O que prejudica mais a proteção dos refugiados: a retórica anti-imigração ou a indiferença dos Estados?

Ambos. O sentimento anti-imigração é pior do que a indiferença, mas a indiferença já é suficiente para causar danos. A retórica anti-imigração é puramente política. Eu elogio o governo espanhol por não se alinhar com algumas das piores retóricas, mesmo na Europa. Obrigado, porque isso é tão raro hoje em dia. Na semana passada, estive na Costa Rica, um país muito pequeno, com cinco milhões de habitantes, com 300 mil refugiados nicaraguenses fugindo das piores violações dos direitos humanos. Sabe qual país tem se mostrado mais forte? A Espanha. Não só porque está acolhendo nicaraguenses aqui, mas também porque está apoiando a Costa Rica. E é isso que precisa ser compreendido: [Os refugiados] não estão vindo para abusar do sistema. Eles precisam de proteção, e temos que confrontar essa retórica constante de que eles estão abusando do sistema. Refugiados são pessoas fugindo de riscos muito sérios. Parece que precisamos ser lembrados disso o tempo todo.

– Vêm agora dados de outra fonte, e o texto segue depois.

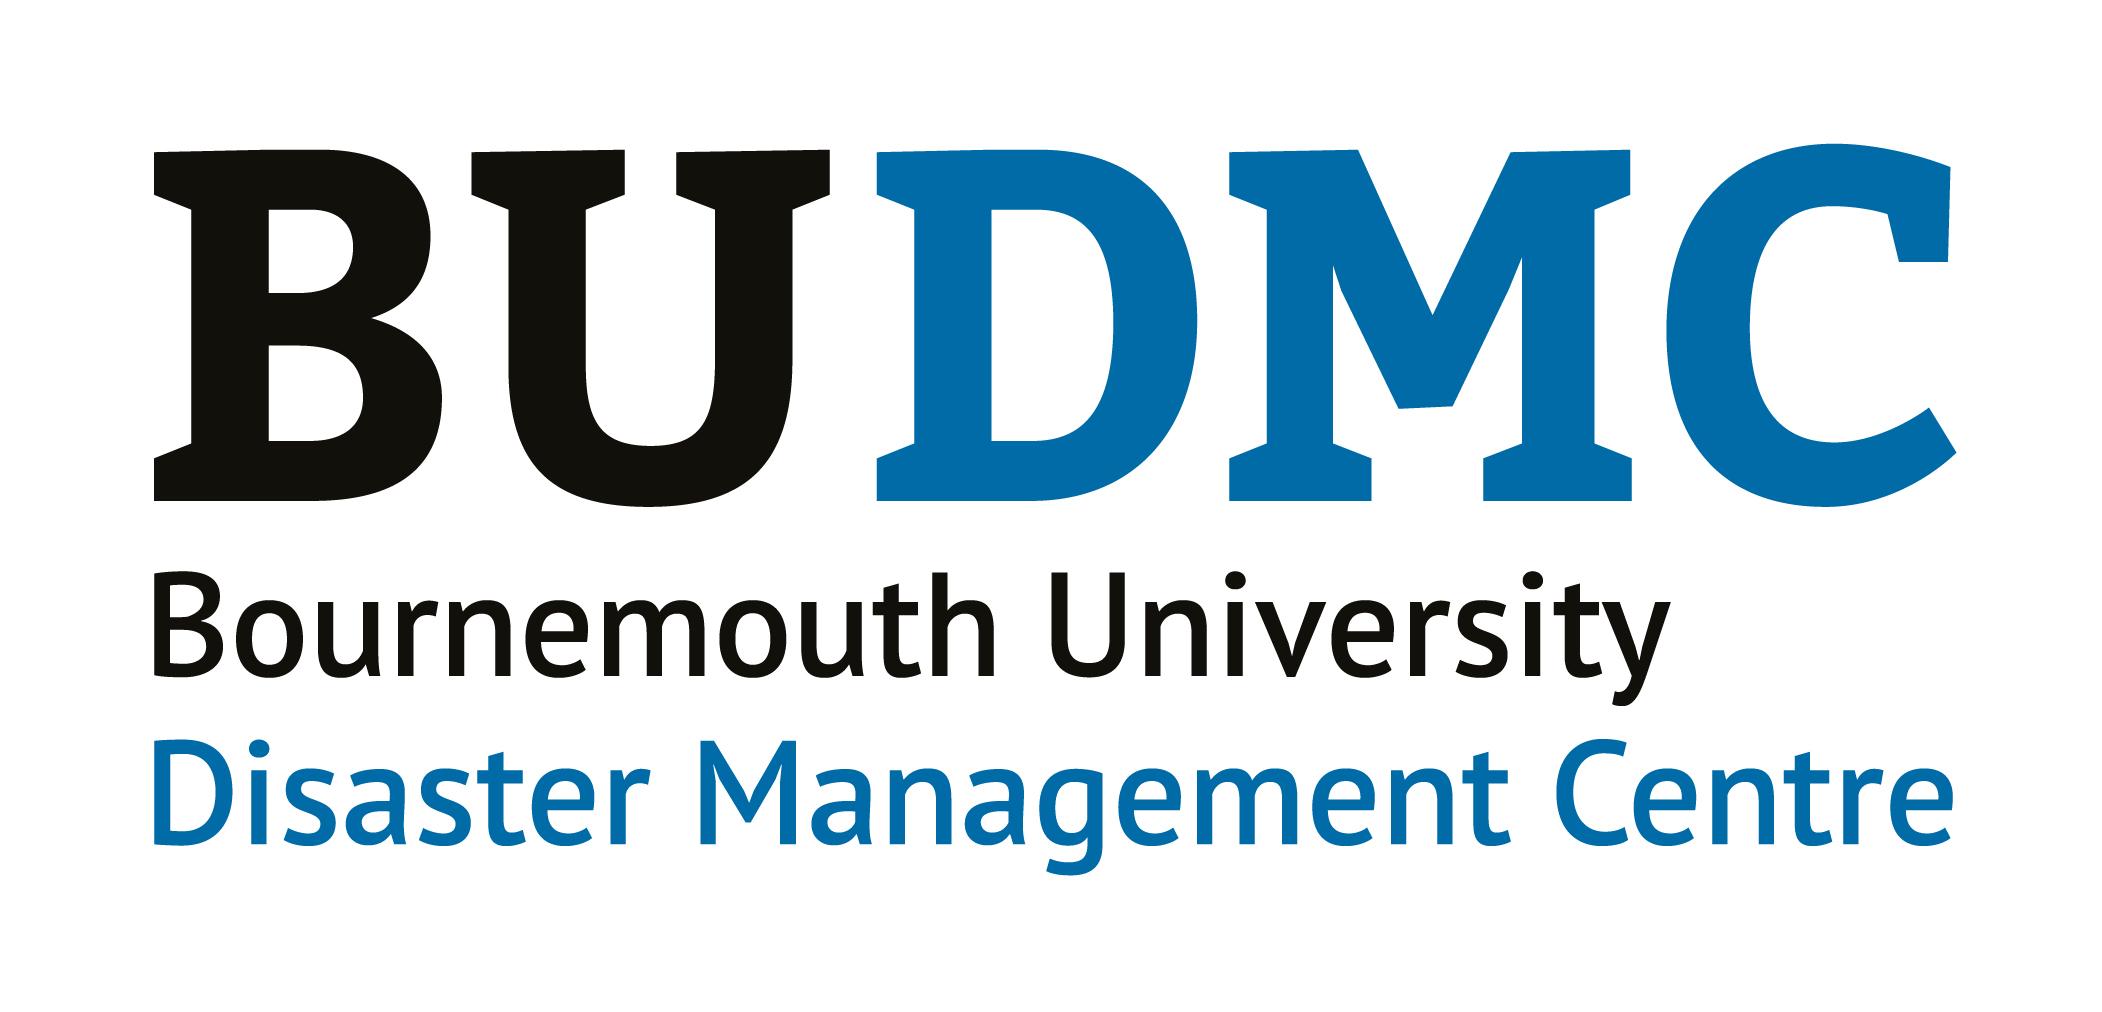 BU Disaster Management Centre logo

Depois de observar o sistema por dentro durante uma década, a Convenção de 1951 relativa ao Estatuto dos Refugiados ainda funciona ou está apenas sobrevivendo por inércia?

A Convenção permanece absolutamente válida. Ela é bastante abrangente ao descrever por que alguém que sofre de certas condições precisa de proteção internacional. Não há necessidade de emendá-la porque, francamente, se a colocássemos em debate entre os Estados agora, a perderíamos, dado o atual clima político.

Acha que ainda é válido, então?

A Convenção estabelece os princípios, enquanto a forma de implementá-los evoluiu. Em 1951, o ACNUR não atuava na África, pois os refugiados estavam concentrados principalmente na Europa. Nas décadas de 1960 e 70, ocorreram as guerras pós-coloniais, o fim da Guerra Fria, conflitos internos em muitos países… e novos fatores foram introduzidos, porque em 1951 ninguém falava sobre mudanças climáticas, por exemplo. Isso significa que é preciso revisar constantemente a aplicação dos princípios. Portanto, não vamos mudar os princípios, mas vamos estar abertos à revisão. O Pacto Global é uma ferramenta para modernizar os fluxos populacionais em conformidade com os princípios existentes.

O que acha do pacto da União Europeia sobre migração e asilo?

Apoiamos integralmente o acordo, tal como foi finalizado e adotado pela UE. É um esforço louvável trabalhar em conjunto para tentar resolver a questão da chegada de pessoas à Europa. Mas o problema residirá, sem dúvida, nos detalhes da implementação, especialmente nos procedimentos fronteiriços e no mecanismo de solidariedade, que é o aspeto mais importante.

Por quê?

Porque ninguém deve esquecer o que aconteceu antes deste pacto, quando os requerentes de asilo cruzavam fronteiras e os primeiros-ministros passavam a noite a fio a telefonar uns para os outros: "Você fica com cinco [refugiados], eu fico com dez, eu fico com cinquenta..." Esse é um exemplo vergonhoso de como eles se esquivam da responsabilidade. O pacto deveria pôr fim a isso através de um mecanismo automático, mas sabemos que existe resistência política. Espero que seja implementado. Veremos.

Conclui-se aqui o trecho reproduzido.